◆ **About this exercise**
Give back exactly the lines from the one that holds "要件レトルト廊下Symboat マニキュア ソークオフ" through the final line of the data; omit the pictures and add nothing.
[Opening Data block section]
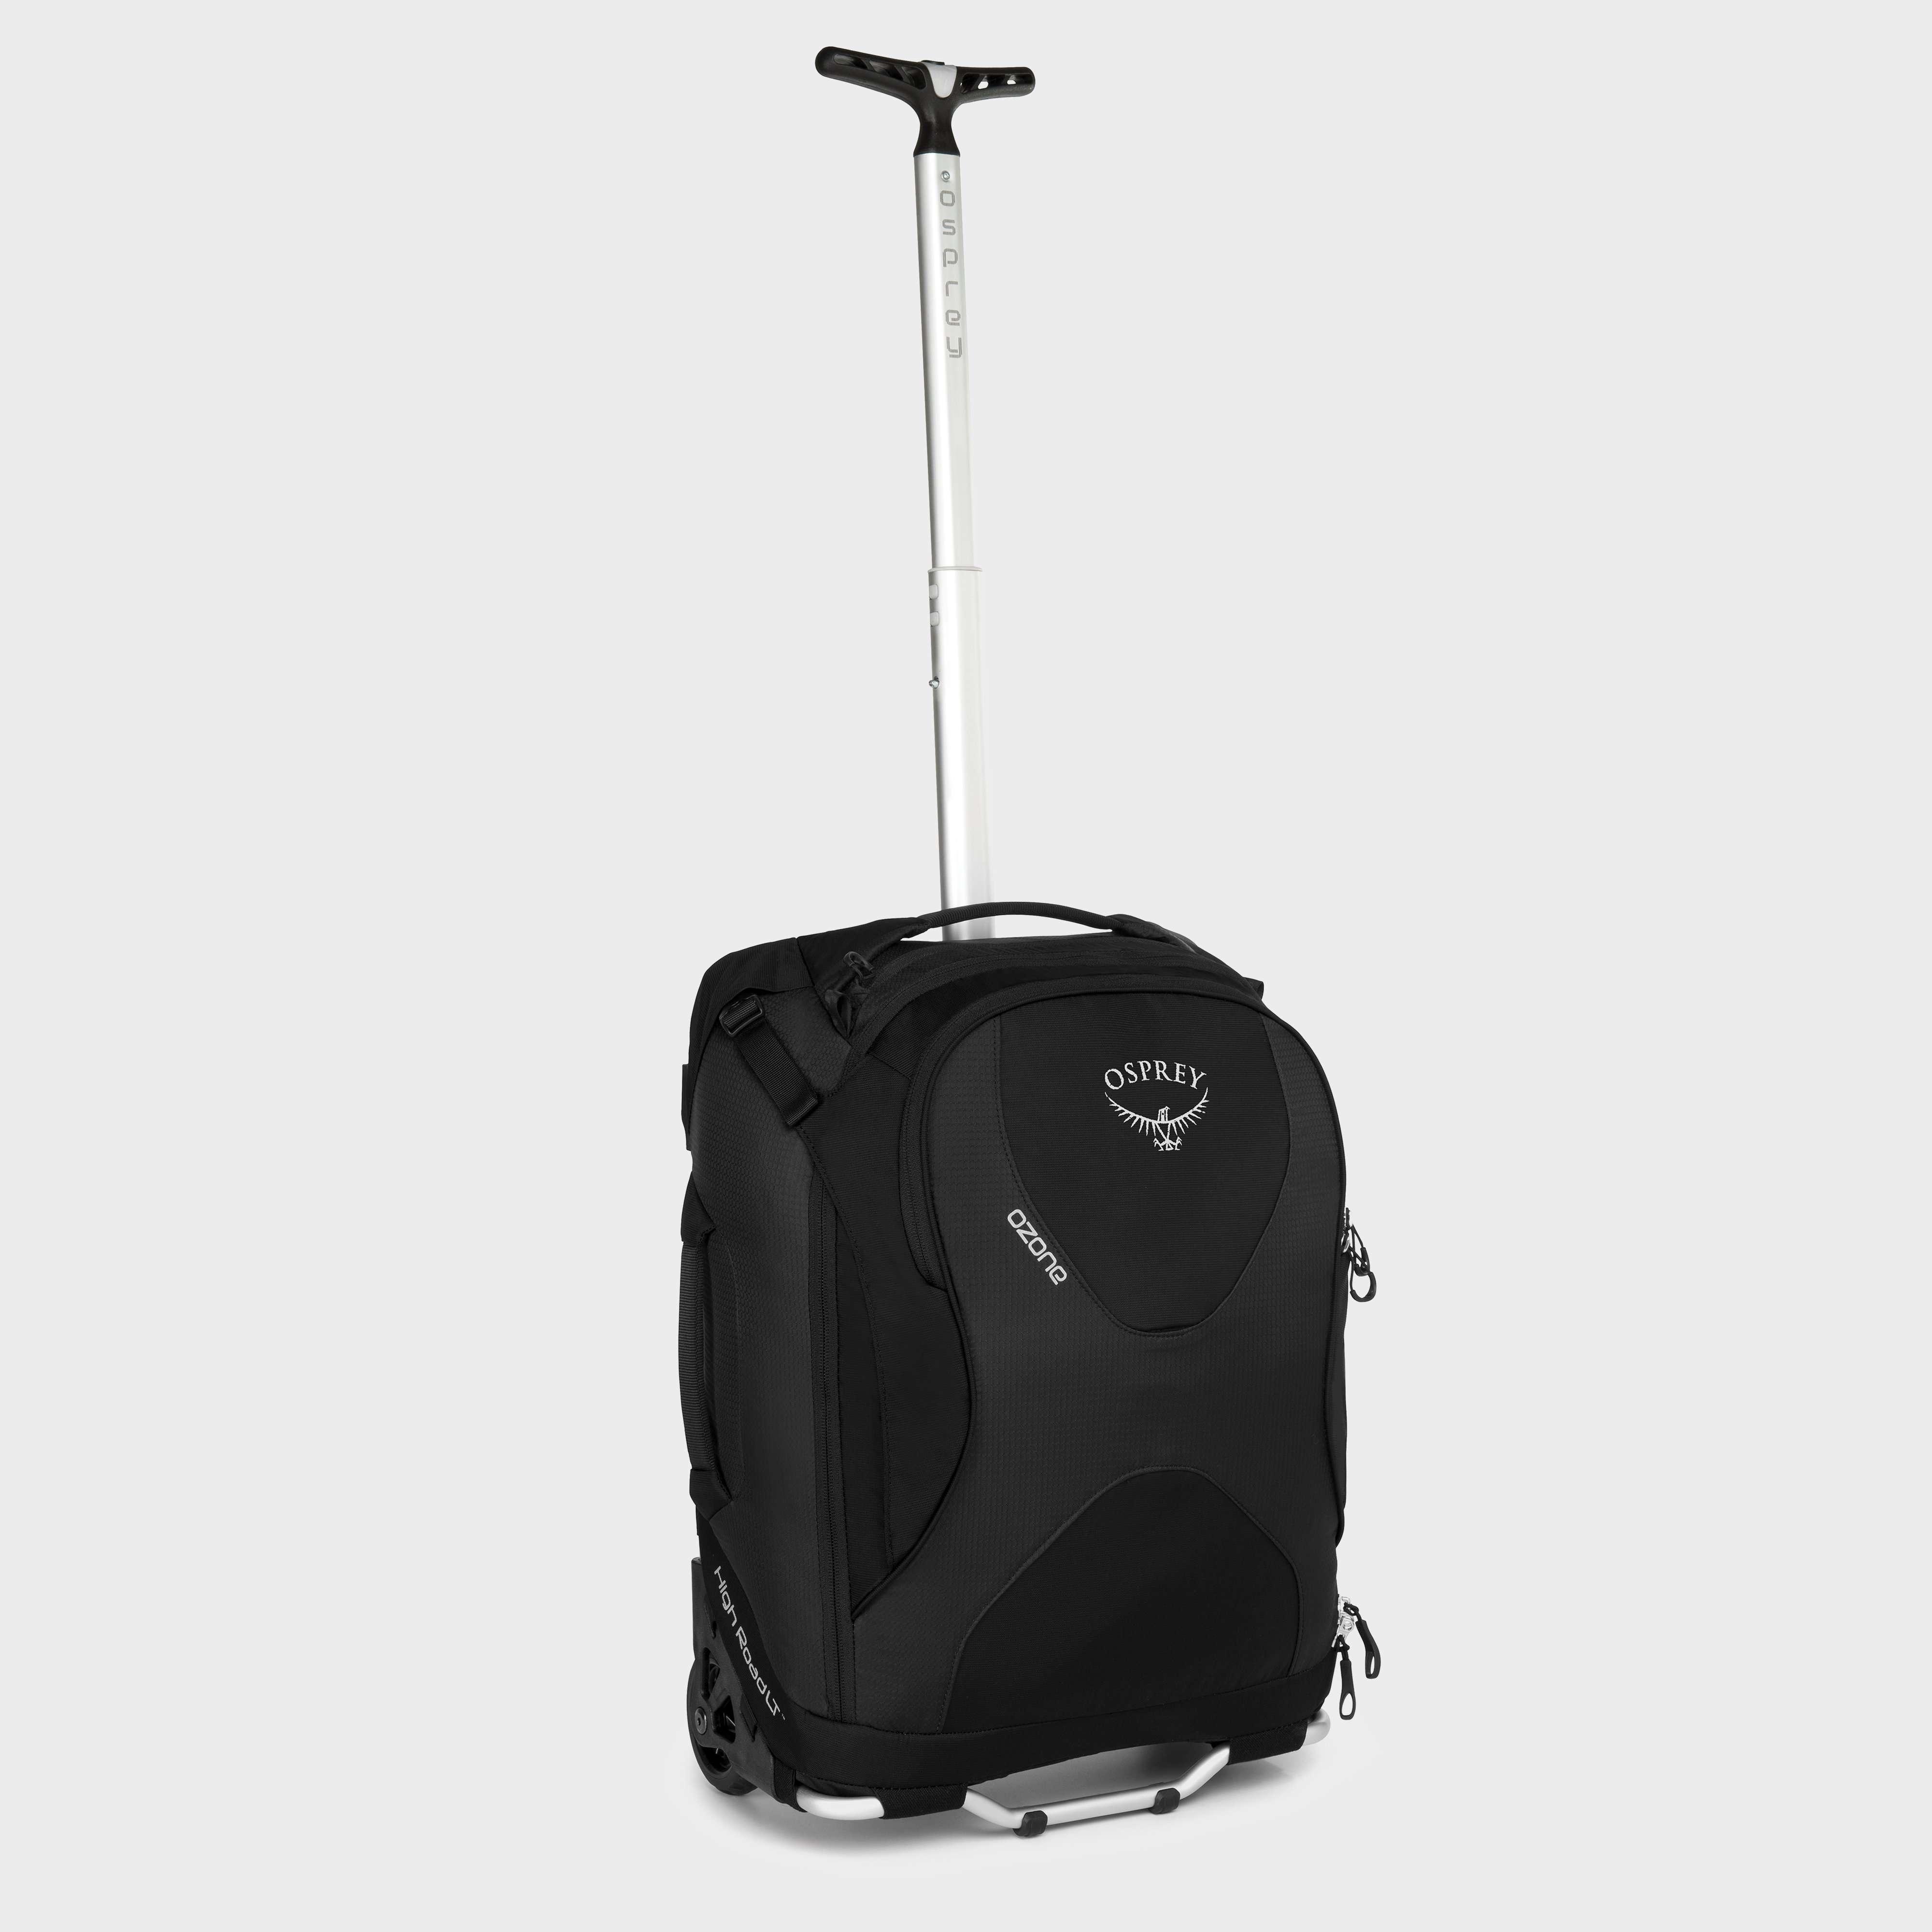 OSPREY Ozone 36L Travel Pack
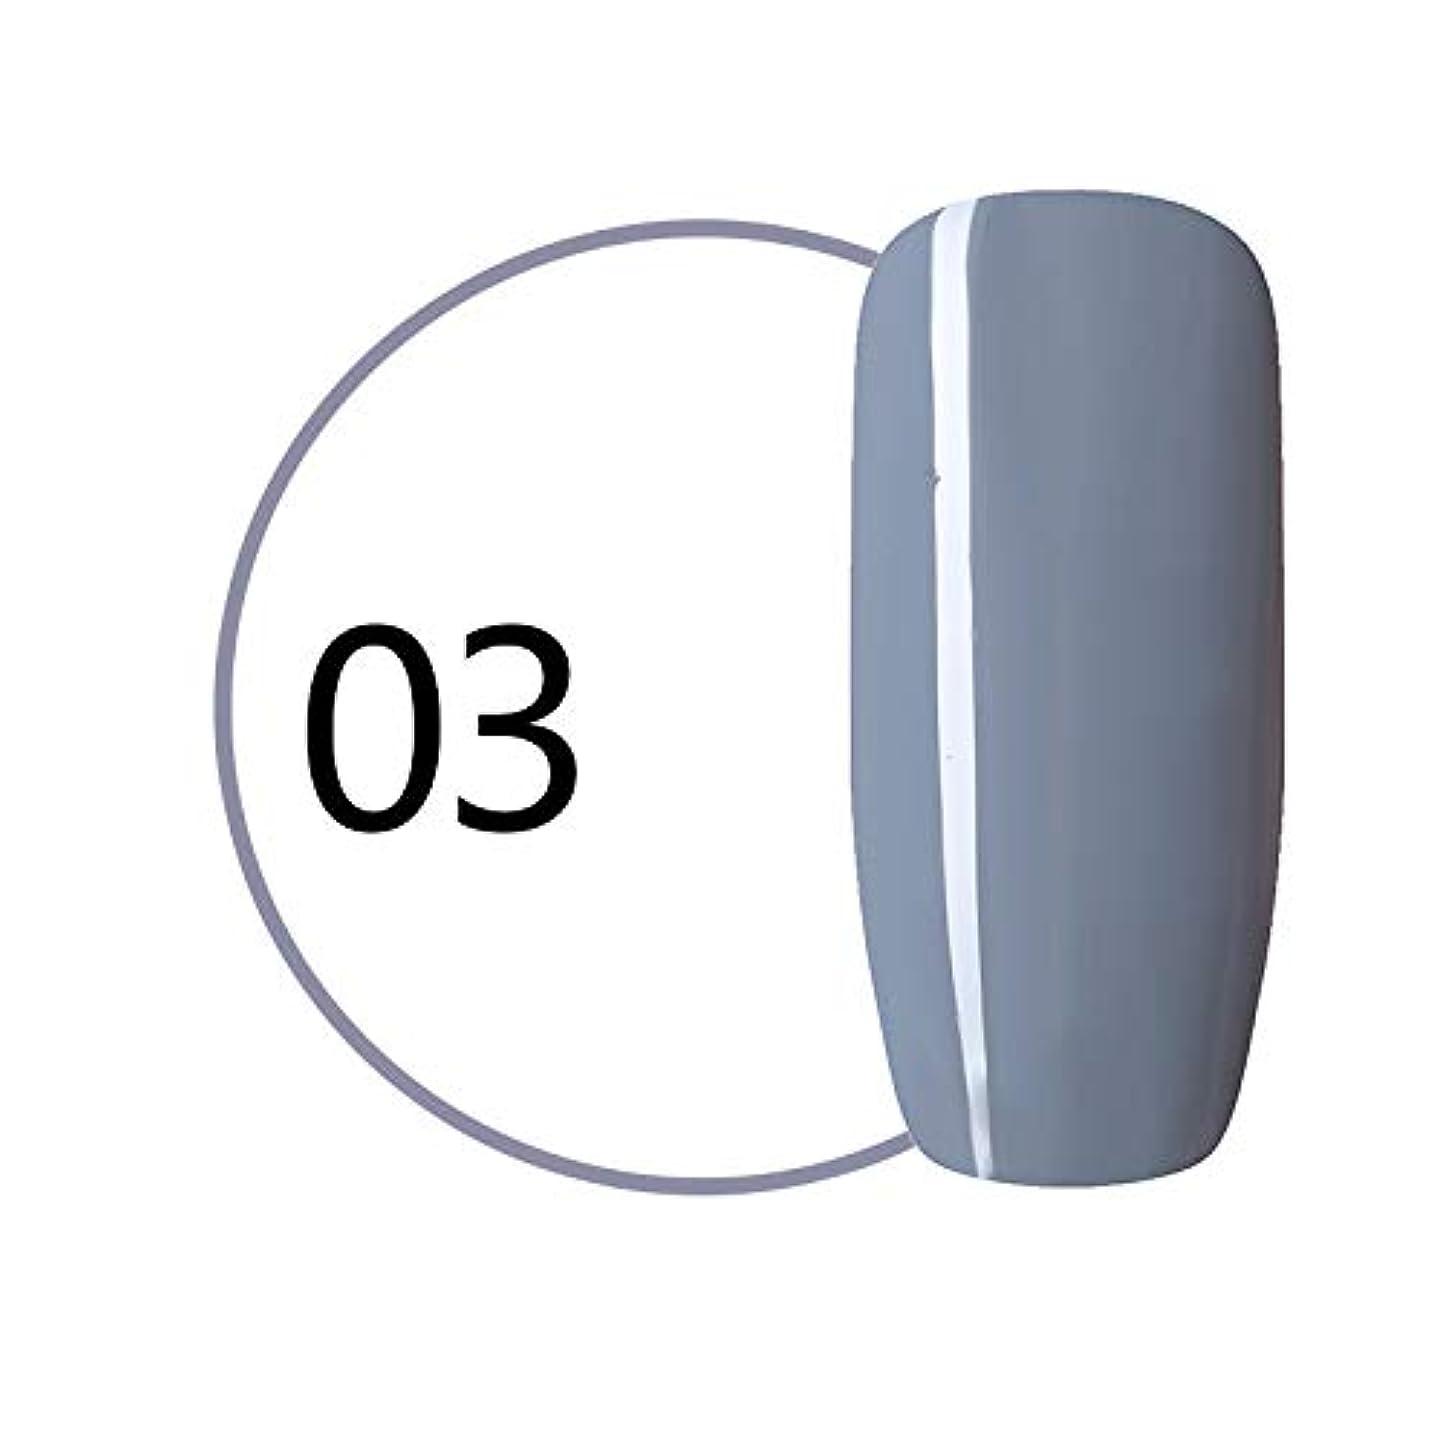 要件レトルト廊下Symboat マニキュア ソークオフ UV LED ネイルジェルポリッシュ ワイングレーシリーズ ネイル用品 女優 人気 初心者にも対応 安全 無毒
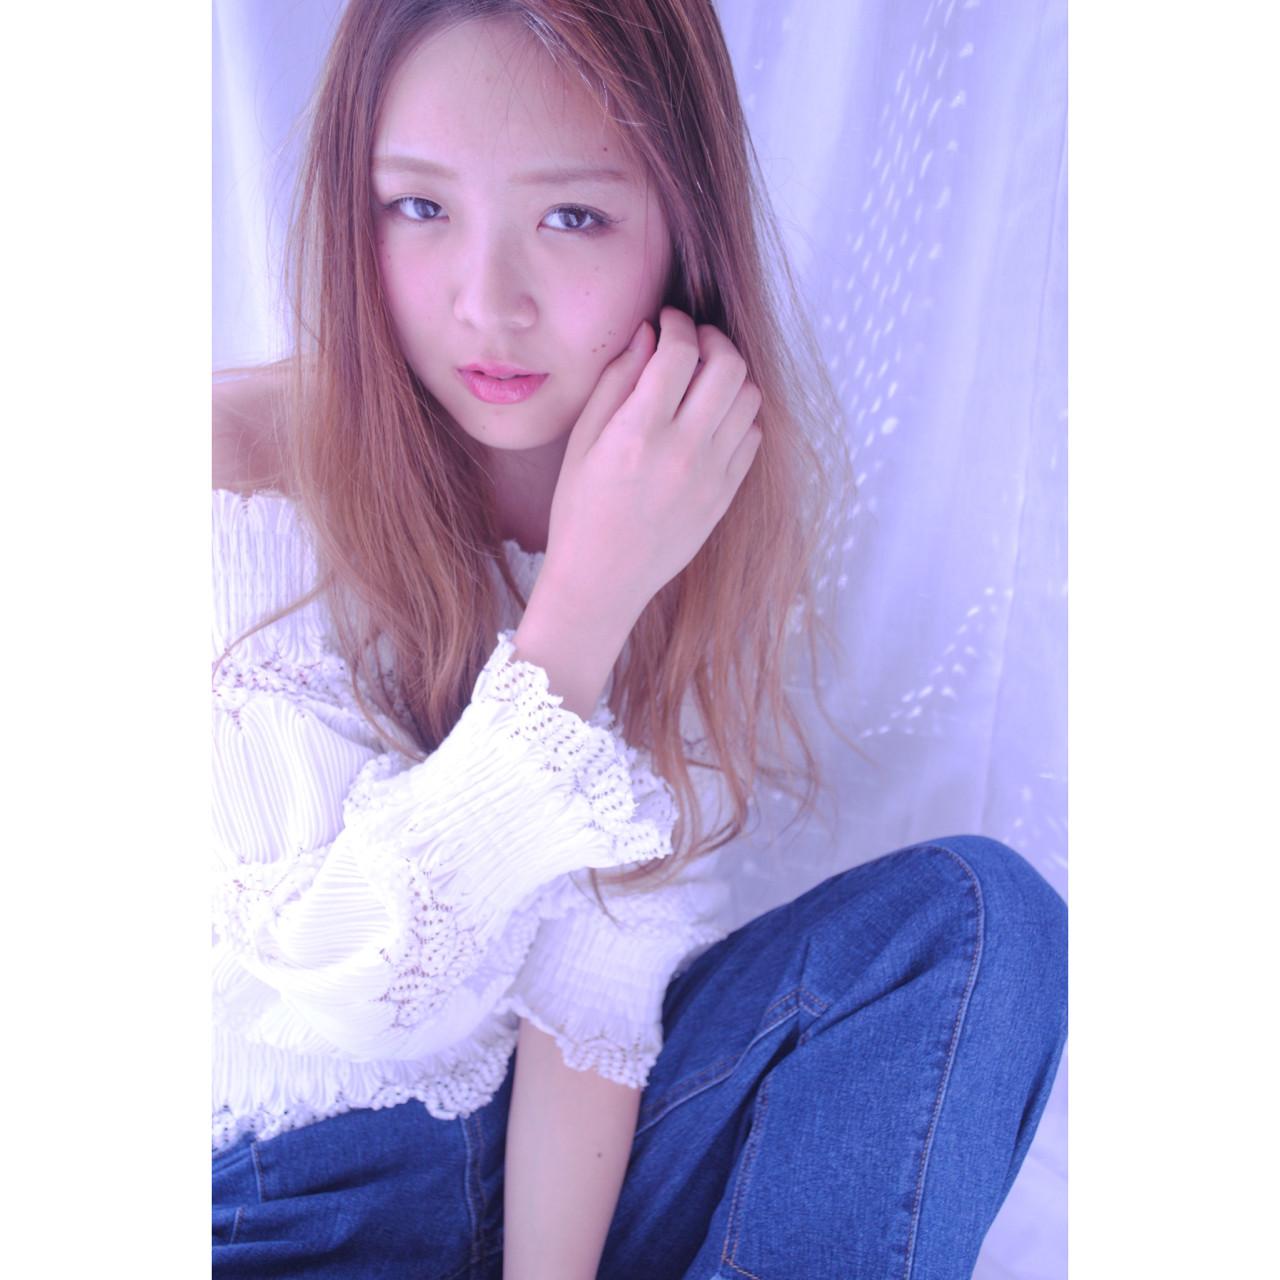 アンニュイ 小顔 こなれ感 外国人風 ヘアスタイルや髪型の写真・画像
[Closing Data block section]
◆ **Solved problem**
 要件レトルト廊下Symboat マニキュア ソークオフ UV LED ネイルジェルポリッシュ ワイングレーシリーズ ネイル用品 女優 人気 初心者にも対応 安全 無毒
 アンニュイ 小顔 こなれ感 外国人風 ヘアスタイルや髪型の写真・画像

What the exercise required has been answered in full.